Ashwin mengatakan penempatan pusat data di wilayah Indonesia berlaku bagi penyelenggara sistem elektronika yang beraktivitas transaksi di Indonesia, baik perusahaan baru atau perusahaan lama.

"(Perusahaan) yang baru dan perlu data centre, dia harus langsung menggunakan data centre yang ada di Indonesia.
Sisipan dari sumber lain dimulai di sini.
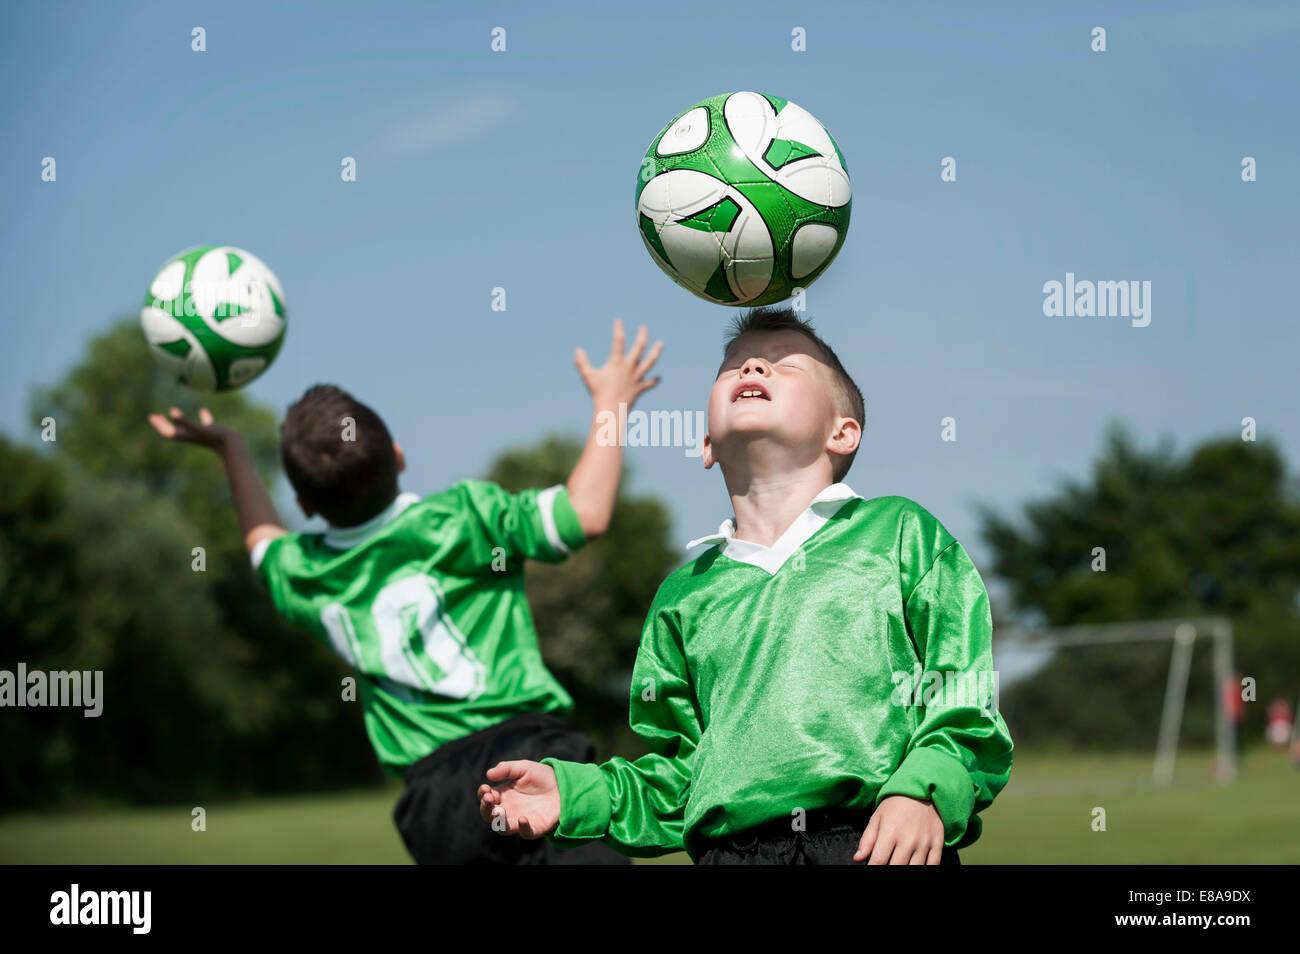 Zwei junge Fußballer lernen Kugel Steuern Stockbild

Kalau perusahaan lama dan memakai data centre di luar negeri, ada waktu untuk beralih ke data centre di Indonesia," kata Ashwin.
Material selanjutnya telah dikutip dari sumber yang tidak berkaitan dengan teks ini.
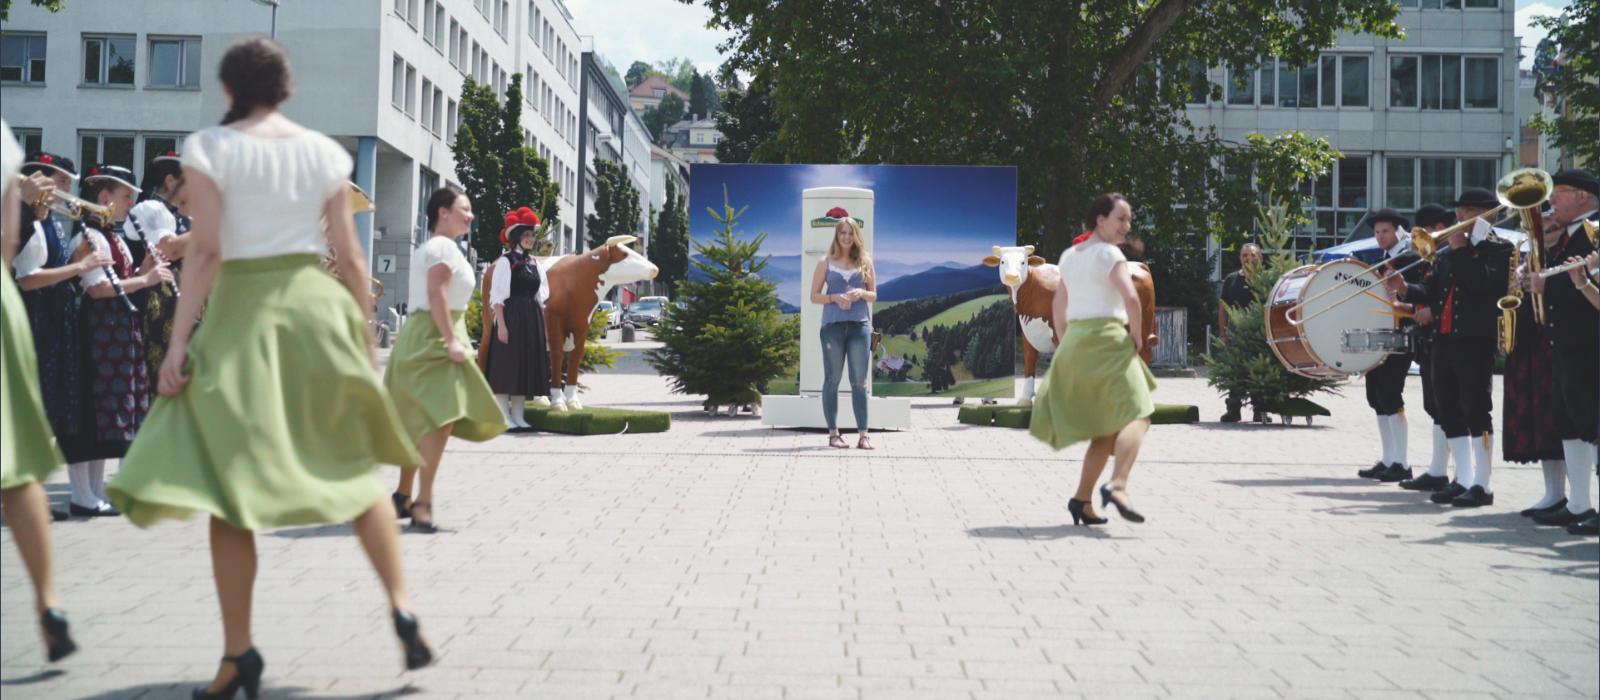 Guerilla Aktion Schwarzwaldmilch in Freiburg

Terkait peletakan pusat data itu, Ketua Umum IdEA, Daniel Tumiwa, mengatakan pelaku bisnis akan memperhitungkan keuntungan dan kerugian jika menempatkan pusat data di Indonesia.

"Harganya mencapai dua kali lipat (jika pusat data) di Indonesia dan infrastruktur jalur data harus melewati negara lain yang itu akan dikenakan tarif," kata Daniel.

IdEA meminta pemerintah memberikan insentif bagi pelaku bisnis yang mengikuti aturan penenempatan pusat data sesuai PP No.82 tahun 2012.

Namun, Menkominfo belum mengeluarkan regulasi yang mengatur aspek teknis penyelenggaraan sistem dan transaksi elektronika, termasuk kemungkinan insentif yang diharapkan IdEA.

"Saat ini, Rancangan Peraturan Menteri (terkait sistem dan transaksi elektronik) masih tahapan diskusi antara Kemkominfo dengan pihak-pihak terkait, seperti dengan IdEA," kata Ashwin.